Would be great to have

- Summer term 2014

-- Biology

--- Scripts

--- handwritten notes

--- blackboard pictures

and so on

 

This is a great example of where having sub-Notebooks would be very helpful.

 

In the Left Panel, you could click on "Summer Term 2014" (for example) and see, as sub-Notebook", one Notebook for each class.

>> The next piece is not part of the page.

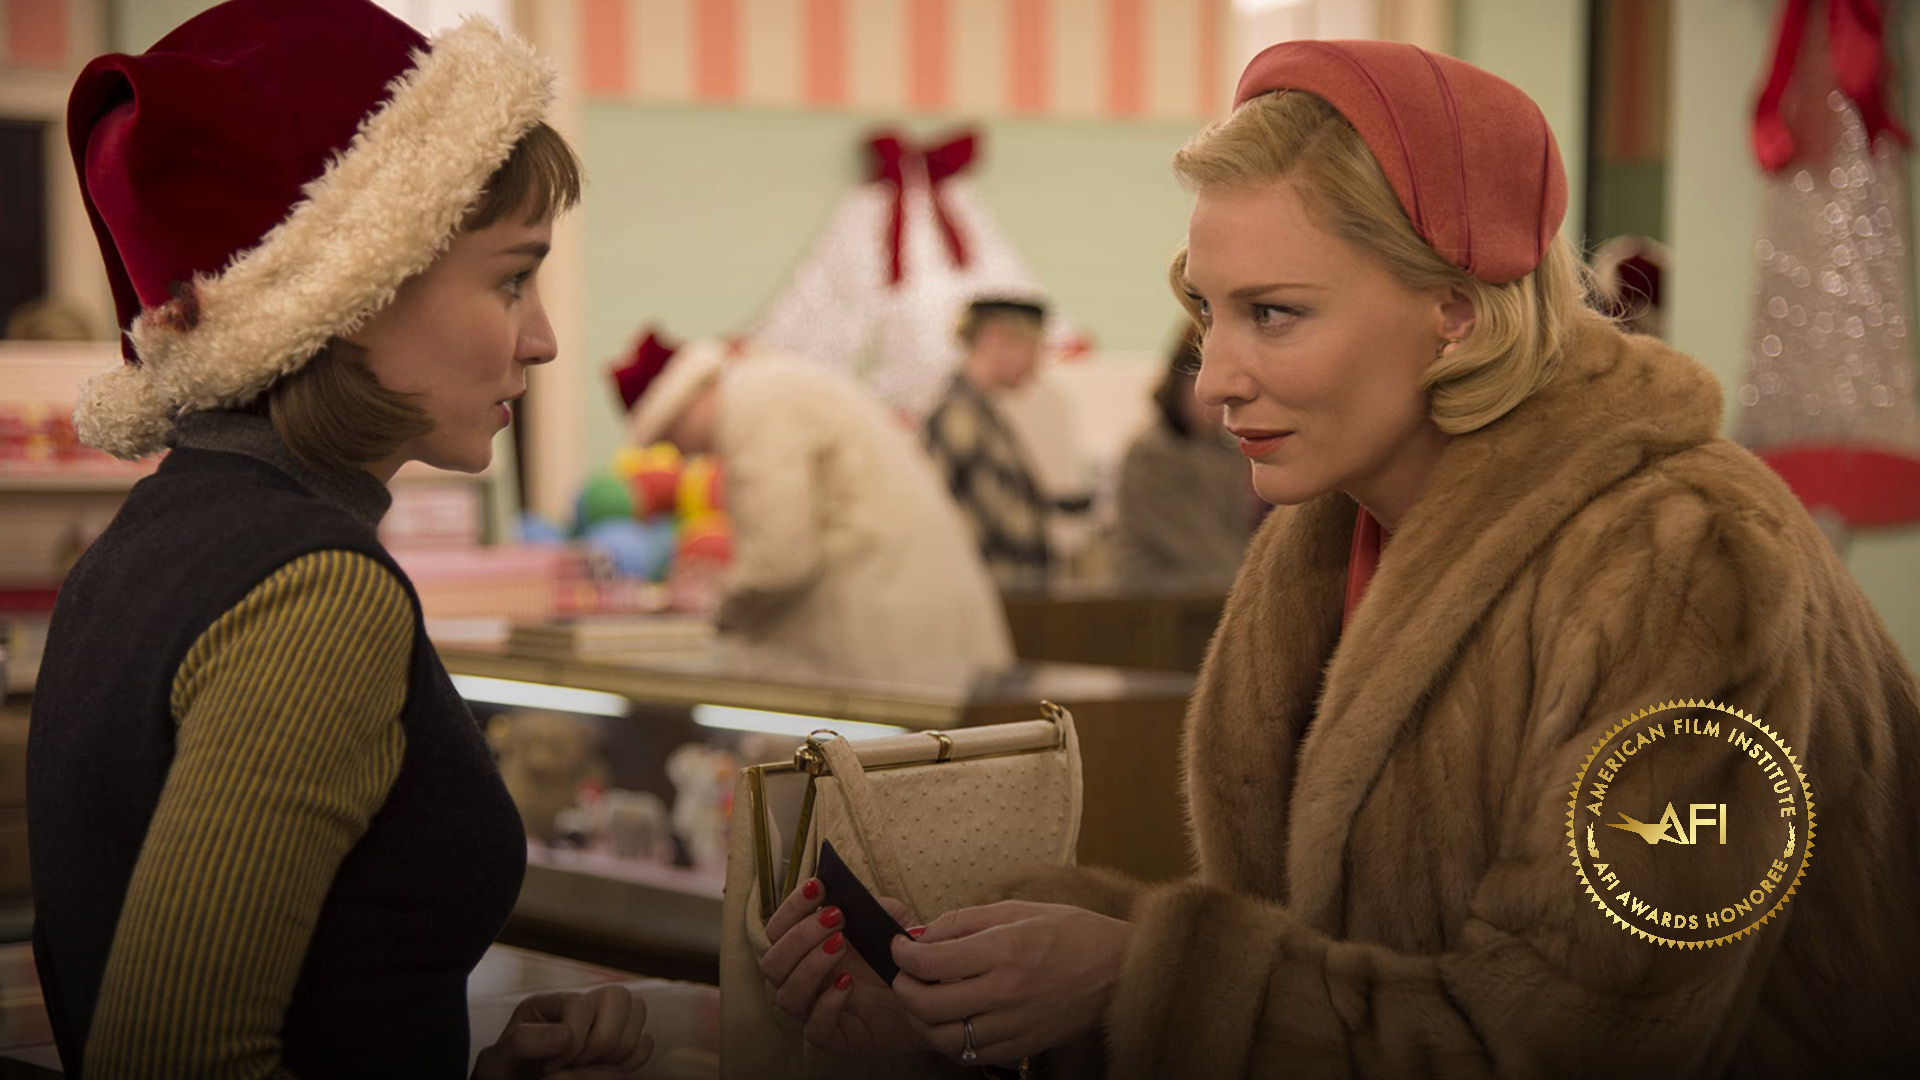 Pride Month Movie Guide - CAROL – Carol Aird and Therese Belivet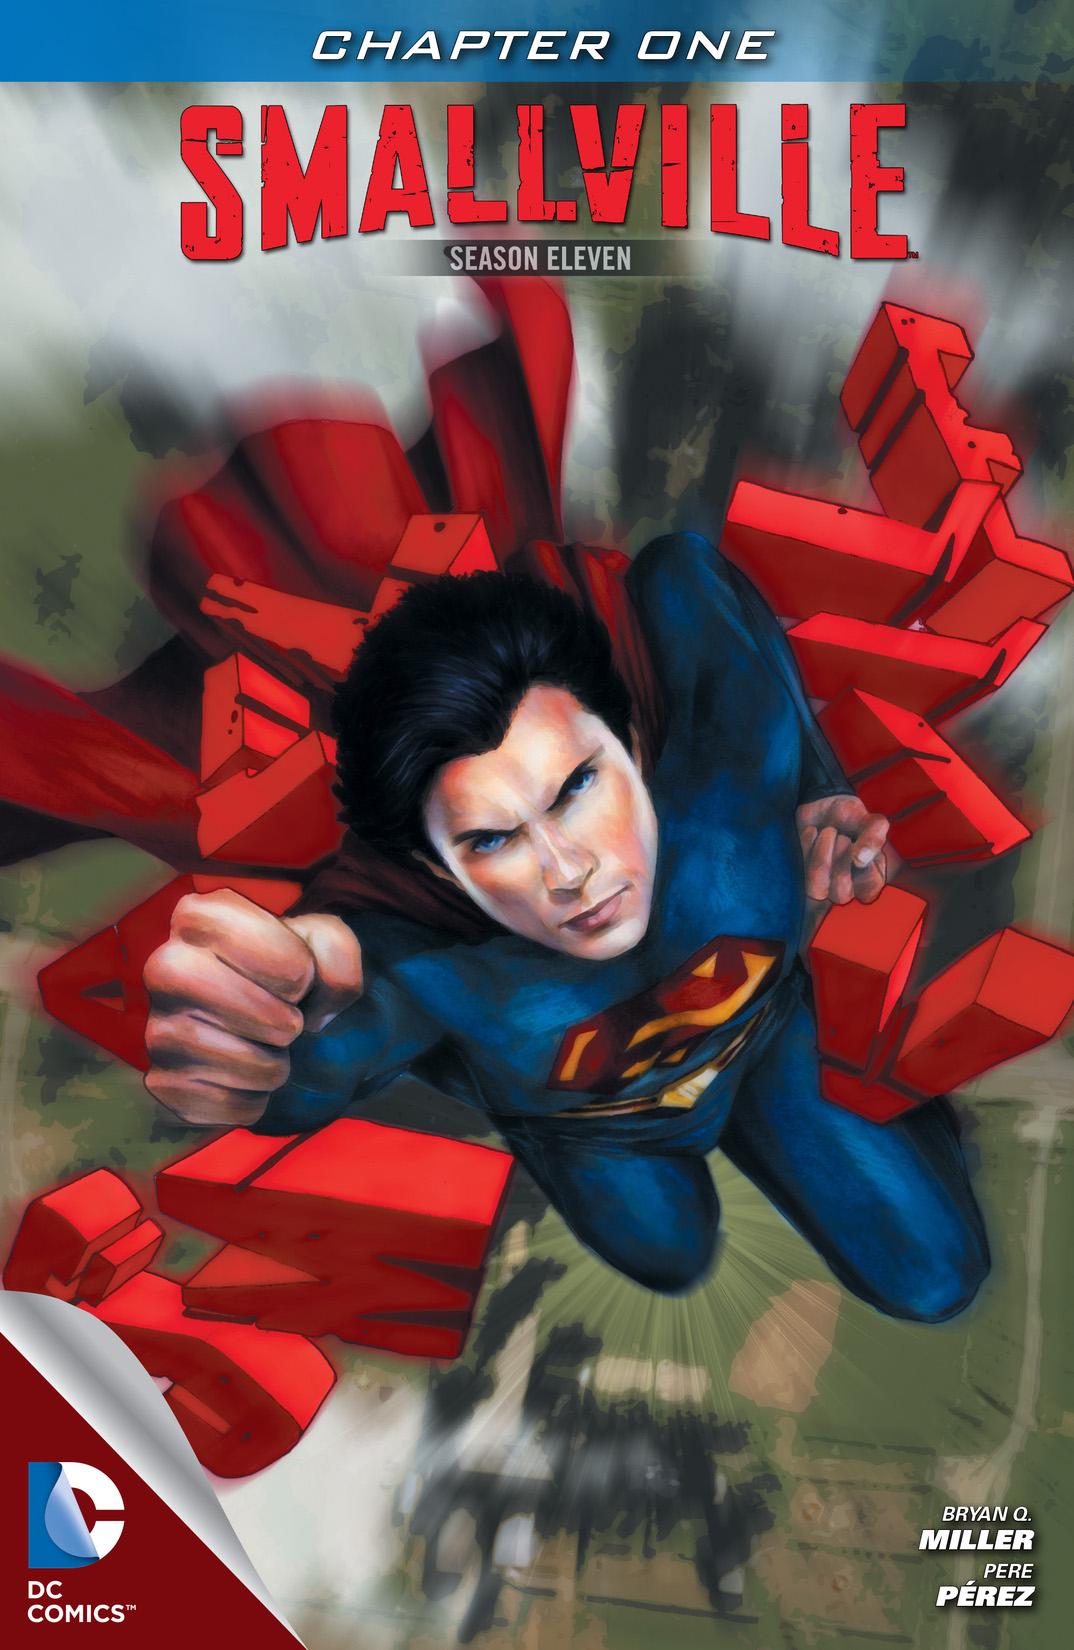 Smallville Season 11 #1 preview images

OTOH, if you tagged all Biology classes (from all semesters) with the tag "Biology", then you could see you notes for ALL Biology classes.

 

IMO, this is a great example of how sub-Notebooks and Tags COULD work together.

IMO, having a hierarchy of all classes for a given semester is a very NATURAL thing to do.

 

IF your response is to use Stacks, then we agree -- hierarchy is helpful.  In fact, I would actually suggest this from a practical POV.

Create a STACK for each semester.  Then create a NB within that Stack for each class.  Tag each Class with its discipline.

This lets you easily see all classes for a semester, as well as all classes for a discipline.